I'm headed down to Southern CA again this weekend. I'm hoping to ride my Benelli. But I have a suspicion that my bike may no longer love me. Or to be more precise, I'm not entirely sure that my bike still runs. The whole cooling thing has me worried. But I can’t wait to see how bad the damage actually was, now that I am in a slightly better state of mind.
I am also making a quick stop in that lovely city in the southwest, largely to start my Saxon. Bikes like that don’t like sitting without running – I really need to turn it over.
I probably shouldn’t say it that way. No, really, I don’t mean literally turn it over, thereby putting the hard side down. I like the soft side down. Rather I mean turn the engine over, start the thing, make it create noise and power, etc. And hopefully put some additional charge into the battery, rather than leaving it for dead (see Mercedes, above).

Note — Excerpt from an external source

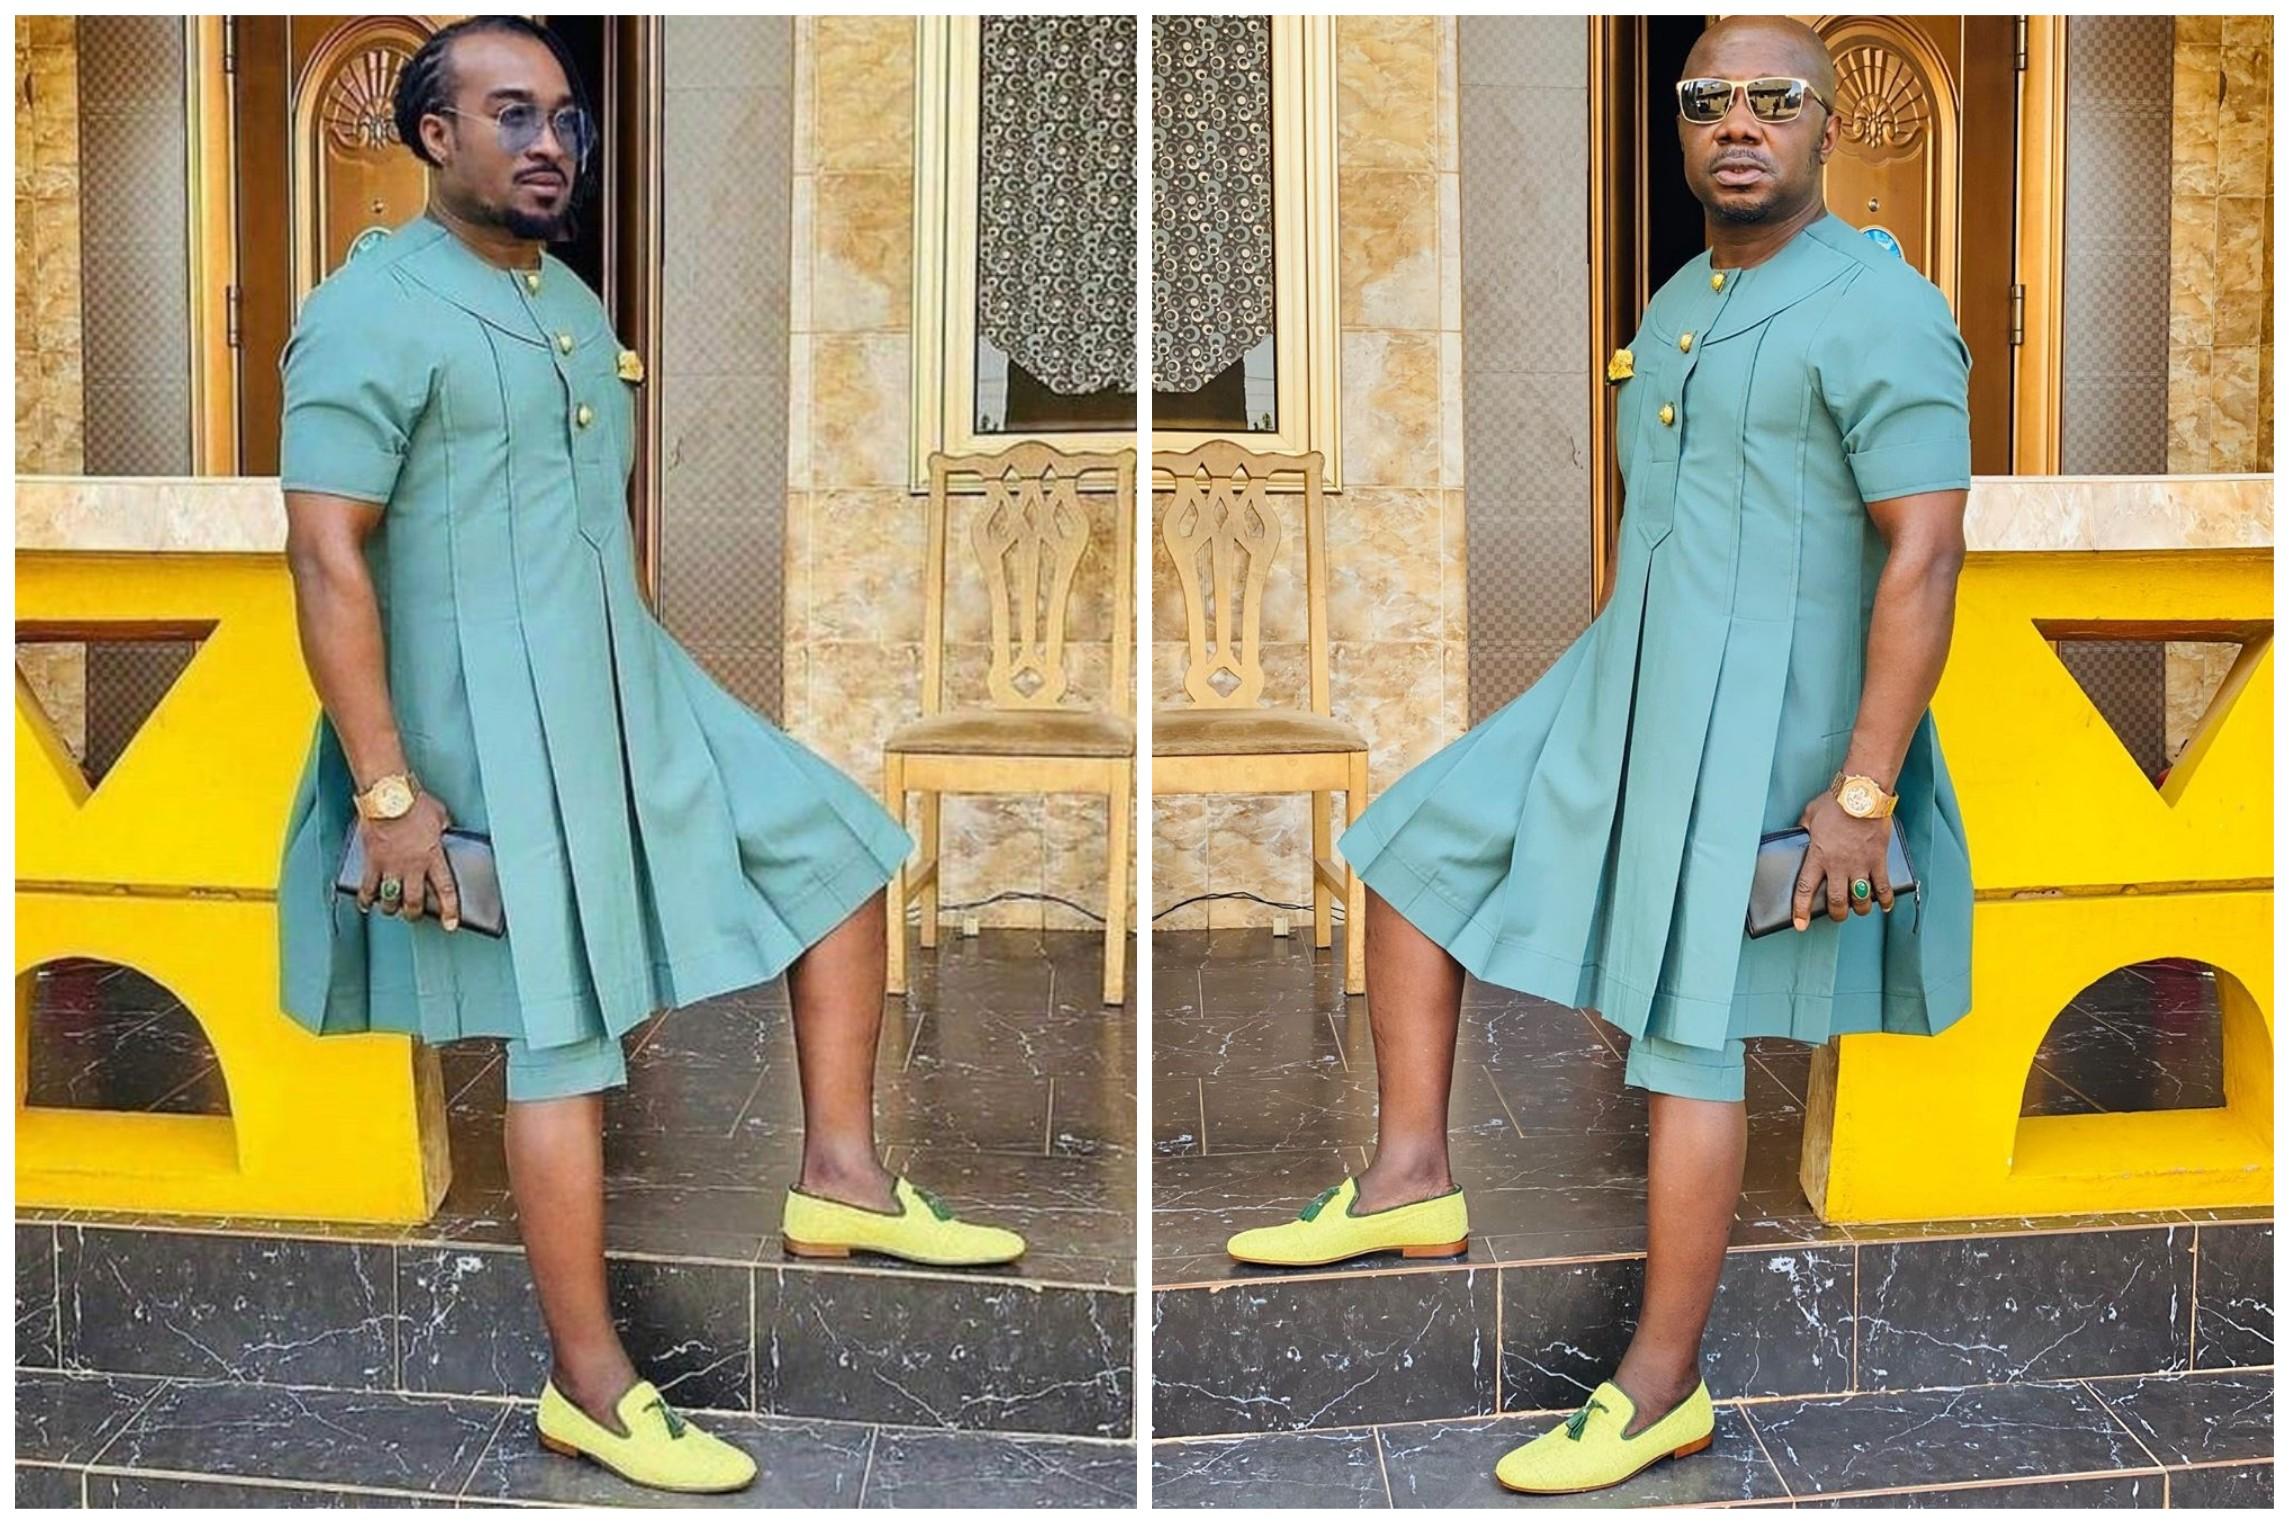 Nigerian Actor, Uti Nwachukwu Hails Osebor's Fashion Sense, Calls Him His Role Model thumbnail

I was wondering the other day. Do you think that Helen of Troy KNEW she was the face that launched a thousand ships? Or was she plagued by the same night terrors that follow us around in our lives? Did she think she was fat, or not smart enough, or whatever? Did she worry about her men leaving her alone, poor, and weak? Or did she know that she was the most powerful person of her age? Based on my interactions, the women about whom poetry SHOULD be written never understand, never know it, and generally don’t believe it. The ones who think they are poem material, seem somehow not.

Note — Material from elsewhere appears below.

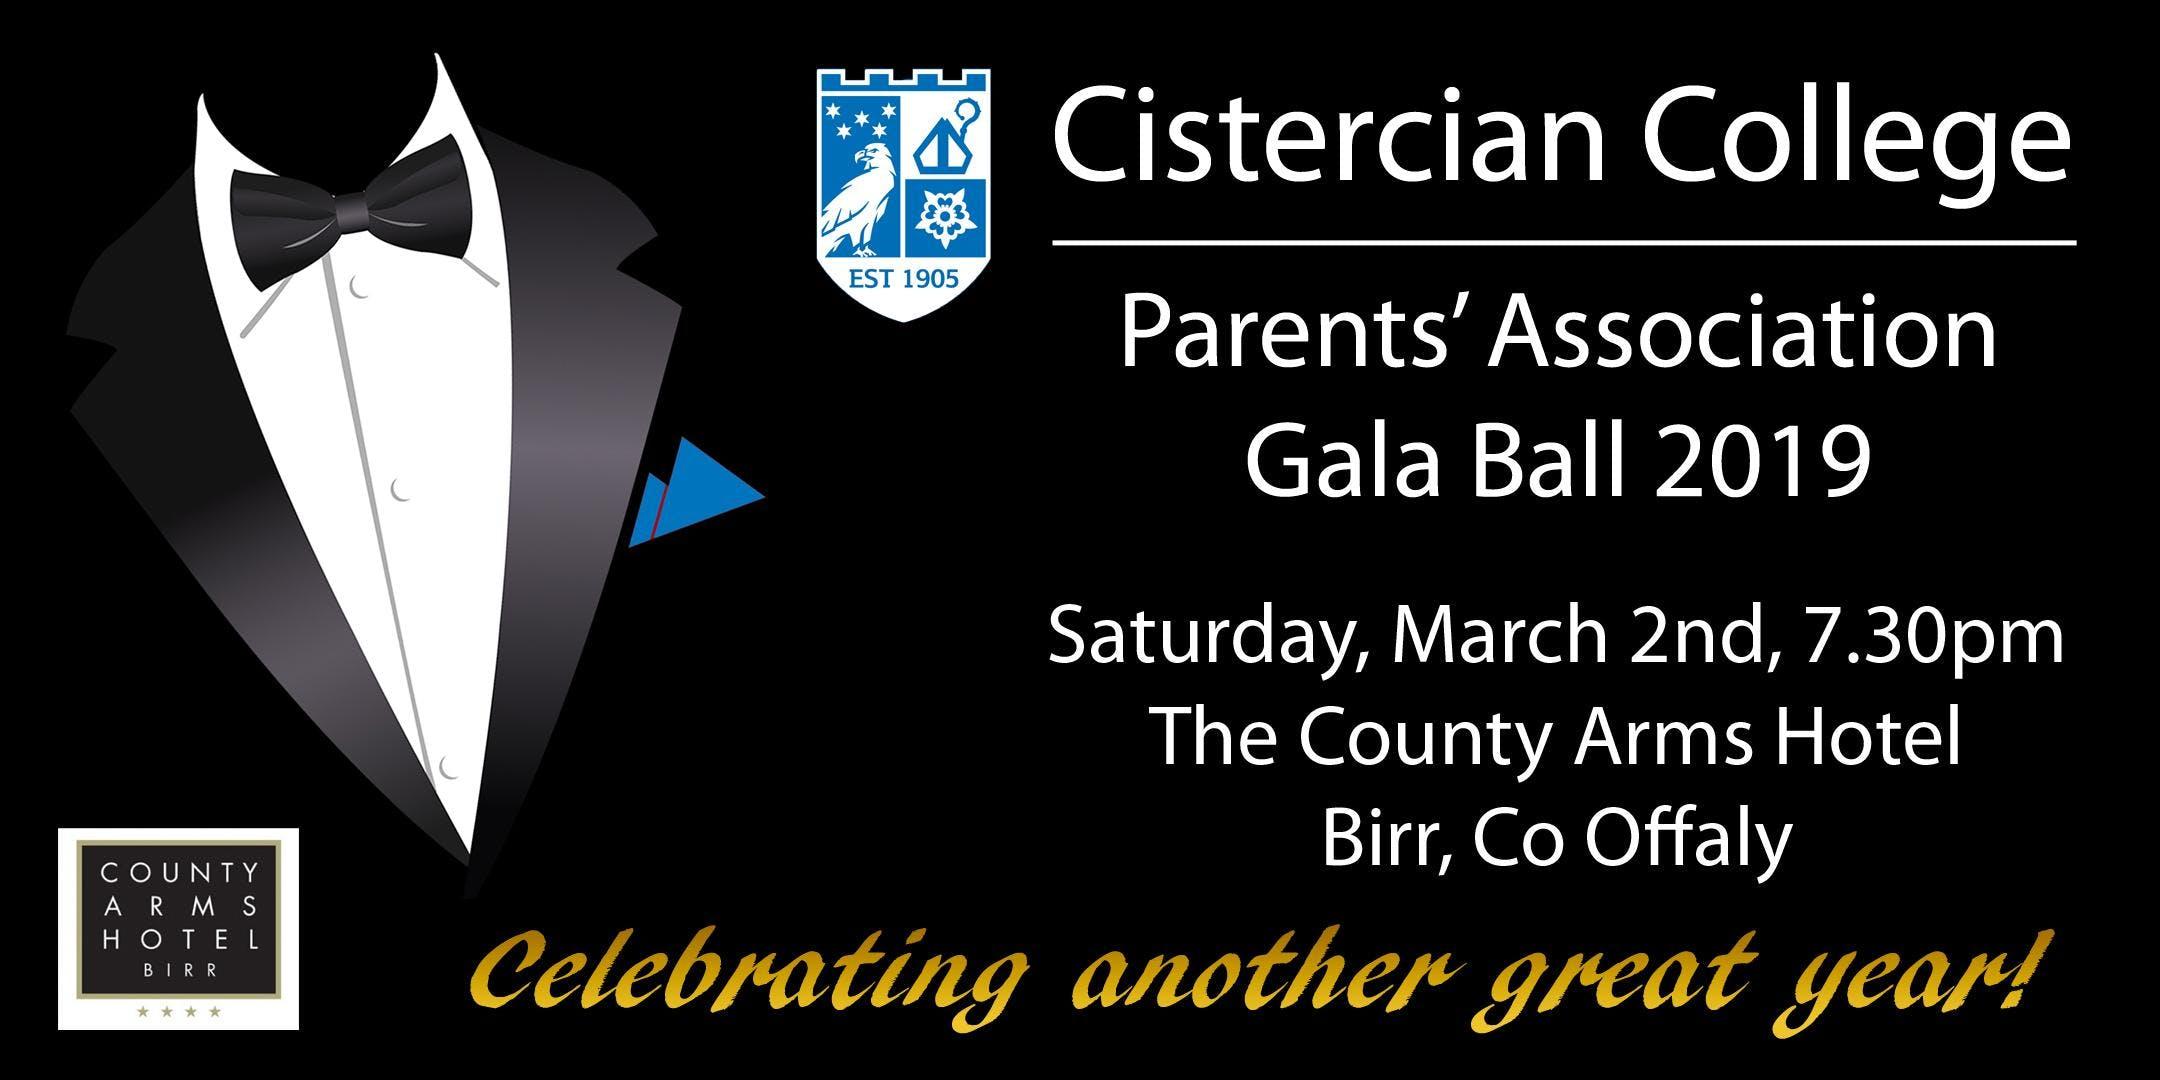 2019 Cistercian College Gala Ball

There is an old joke that ends “those who matter don’t care, and those who care don’t matter”. I think there is truth here as well – those who are poetic don’t know, and those who know, aren’t.
So far, this is duller than dishwater, eh?
Hey, that reminds me. Another shout out to a previous topic – weird aphorisms. Had a conversation with a pal about funny aphorisms the other day. Specifically, “shooting fish in a barrel”. First, how did the fish get in the barrel? And who shoots fish? What a stupid thing to say. And, fish are kinda fast, slippery little buggers. Who says it would be easy to shoot fish, even when constrained by a barrel?
So, all in all, what an insanely dumb expression.
If we can use dumb expressions, why should we have to use the normal ones. Why can’t we build our own?
Kevin and Bean tried to create a new swear word a few years ago. They wanted a word that could be said on the radio, etc., but SOUNDED really bad. They coined “jackhole” – it does have a great sound to it, don’t you think? Anyway, they had the goal of having the word appear in TV or so – what a cool idea.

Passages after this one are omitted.